And i reckon my planned trips to England are safe.Crowd ‘experiments ‘are starting there a full month ahead of the previous May 17th announcement.A friend of a friend is going to one.
But after April 12th I can travel for free into England on cross border bus services so the people of Herefordshire,Gloucestershire and Avon can look out for me.


----------



## hollydolly (Apr 1, 2021)

Well I'm so looking forward to the 12th...what's the betting that week will rain  and cause chaos with the outside dining at the pubs..?.. I'm so looking forward to the normal things opening like the museums , and the libraries..  all the usual places to go at home albeit that they'll be much more crowded due to the fact that the vast majority won't be going abroad this year.. ...
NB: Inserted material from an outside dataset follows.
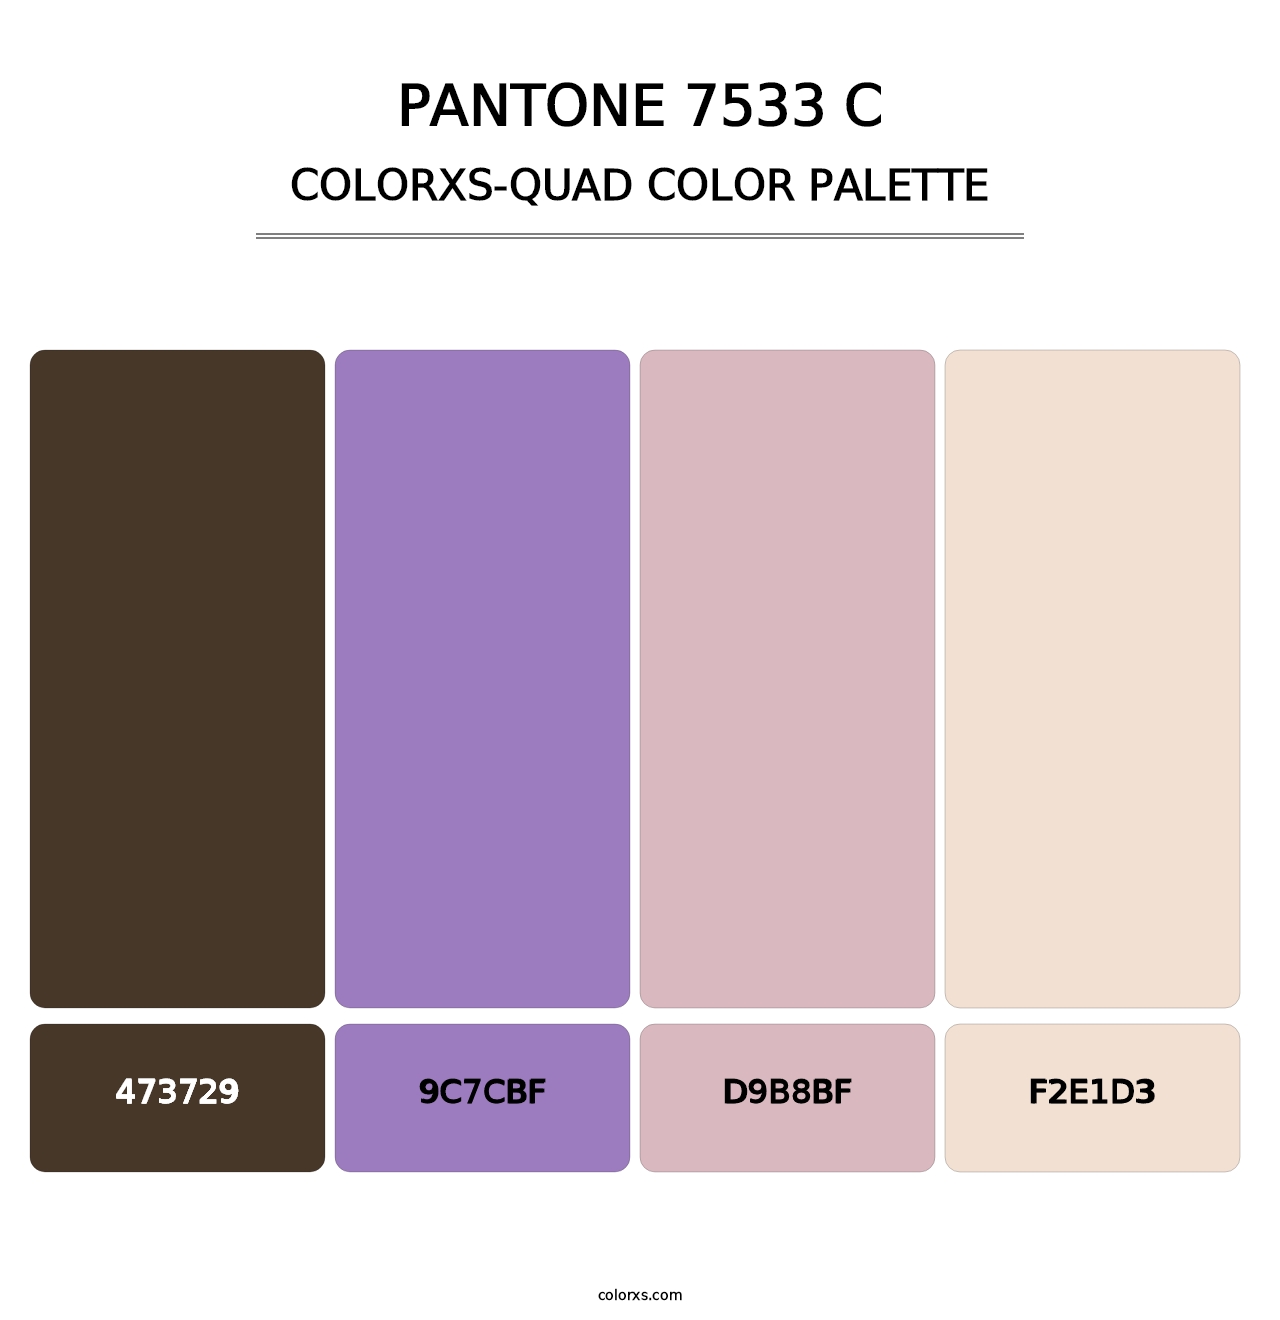 PANTONE 7533 C - Colorxs Quad Palette

hadn't heard anything about  safe crowd experiments happening here, where are they supposed to be getting trialled ?

Your local political party should be shaking in their shoes over there... roll on the 6th of May  for you all...


----------



## Furryanimal (Apr 1, 2021)

there are apparently several...mainly being done to get the ground authorities on the case ahead of the May 17th 4000 or half capacity if a small ground.
the one I know about is at the County Cricket Ground in Bristol in a couple of weeks.
Where I hope to be on June 24th


----------



## Furryanimal (Apr 3, 2021)

Barry Island webcam


----------



## hollydolly (Apr 3, 2021)

Nice Webcam Furry... but it looks like the middle of winter there...


----------



## Furryanimal (Apr 4, 2021)

hollydolly said:


> Nice Webcam Furry... but it looks like the middle of winter there...


We have gone from twenties Celsius to barely above freezing...still sunny though.Typical Welsh Spring


----------